The Yellow Submarine in Liverpool is a large model representation of the submarine featured in the 1968 animated film Yellow Submarine, inspired by the 1966 song of the same name on The Beatles' album Revolver. It was built by a group of about 80 apprentices from Cammell Laird's shipyard, designed in part by Mr L Pinch, a draughtsman at the yard, for exhibition at the International Garden Festival in Liverpool in 1984. The Submarine was in a garden themed around the Beatles, one of 60 such themed gardens, and was highly popular. The garden took the form of an apple-shaped labyrinth, containing symbolic references to the group, and included a bronze statue of John Lennon, which now stands at Liverpool John Lennon Airport.

The Submarine itself is some 51 feet long (15.62 m) and 15 feet (4.57 m) high, and weighed 18 tons. Built of steel, it has a replica control cabin containing genuine submarine equipment, and twin spiral staircases leading to the bridge, which gave a panoramic view of the garden. These were accessible via doorways at the side.

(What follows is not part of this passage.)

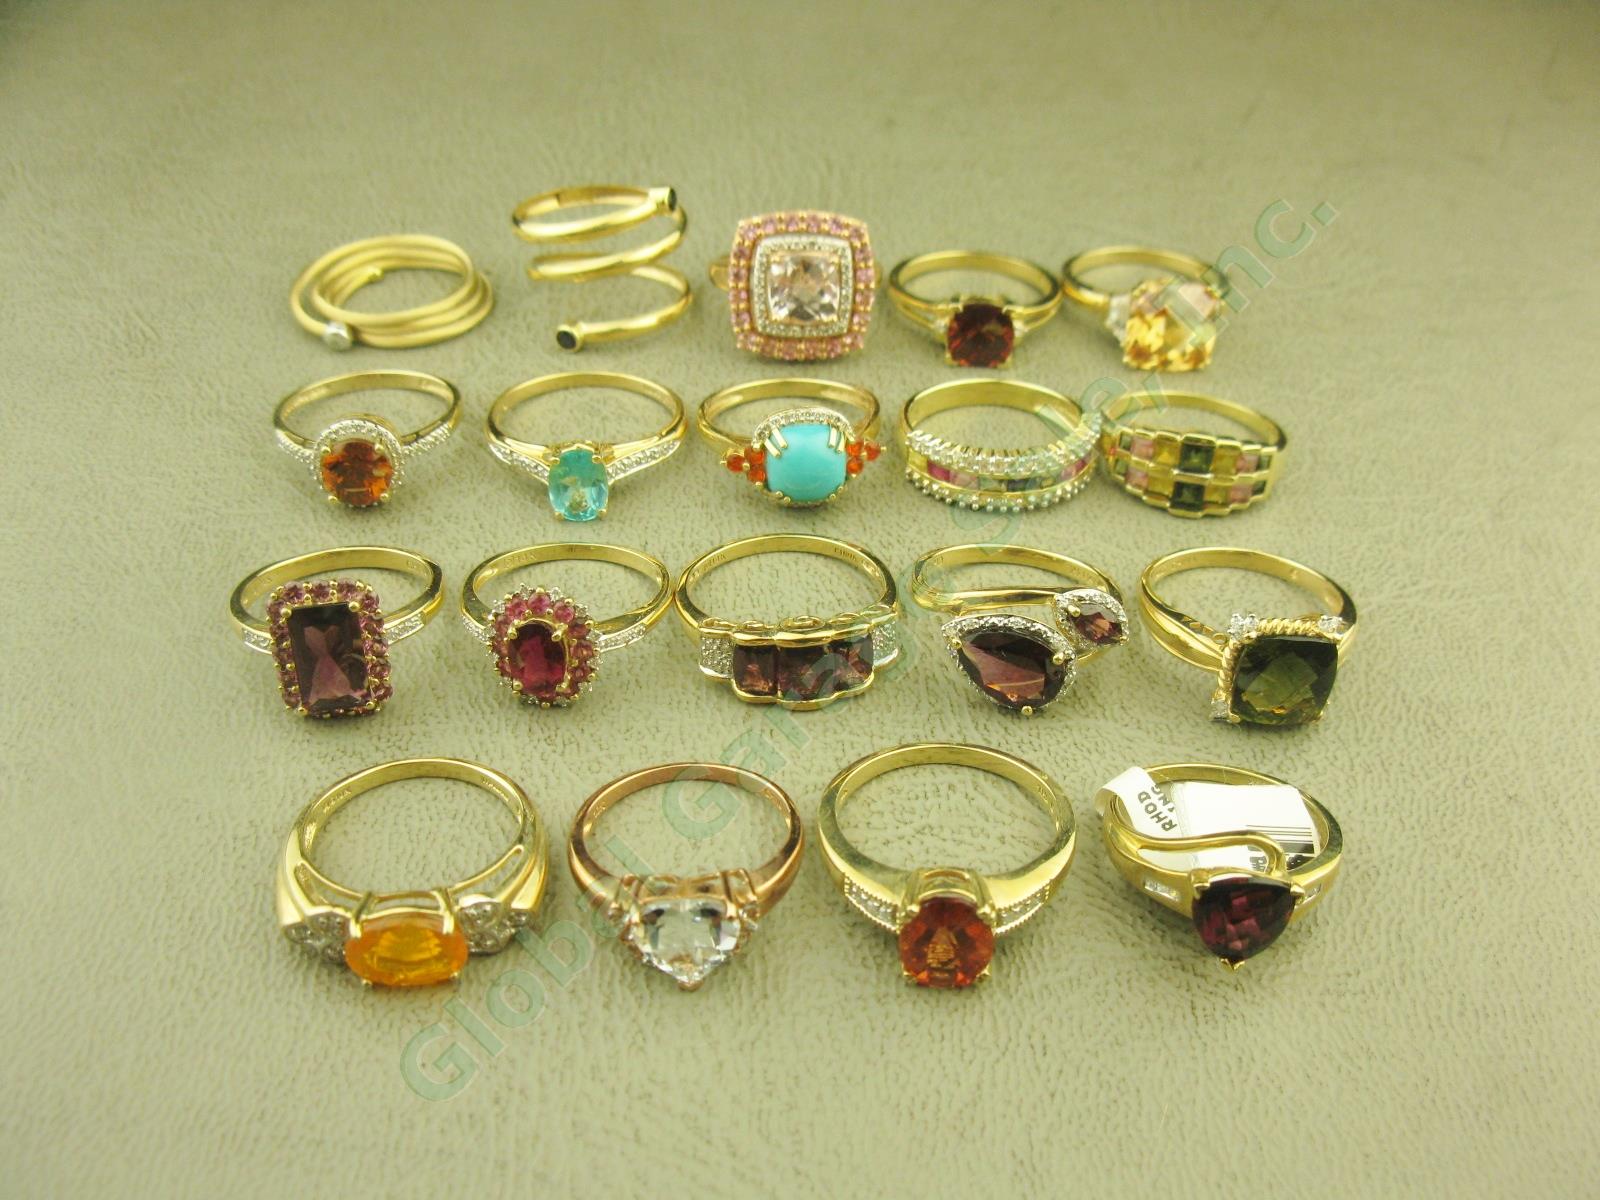 19x 14k 10k Gold Gemstone Rings Lot Earrings 57.7 Grams Not Scrap $1200+ Value!!

Painted in vivid yellow, the hull was tilted as if about to submerge.

After the Festival site closed, the Submarine was sited for several years in Chavasse Park, an open space in the city centre, where it was readily visible to traffic entering the city centre from the south. It was retired from public view when its condition deteriorated, but was renovated to find a new home at Liverpool John Lennon Airport in 2005. Airport boss Neil Pakey stated: "Other airports have the Concorde, we have the Yellow Submarine."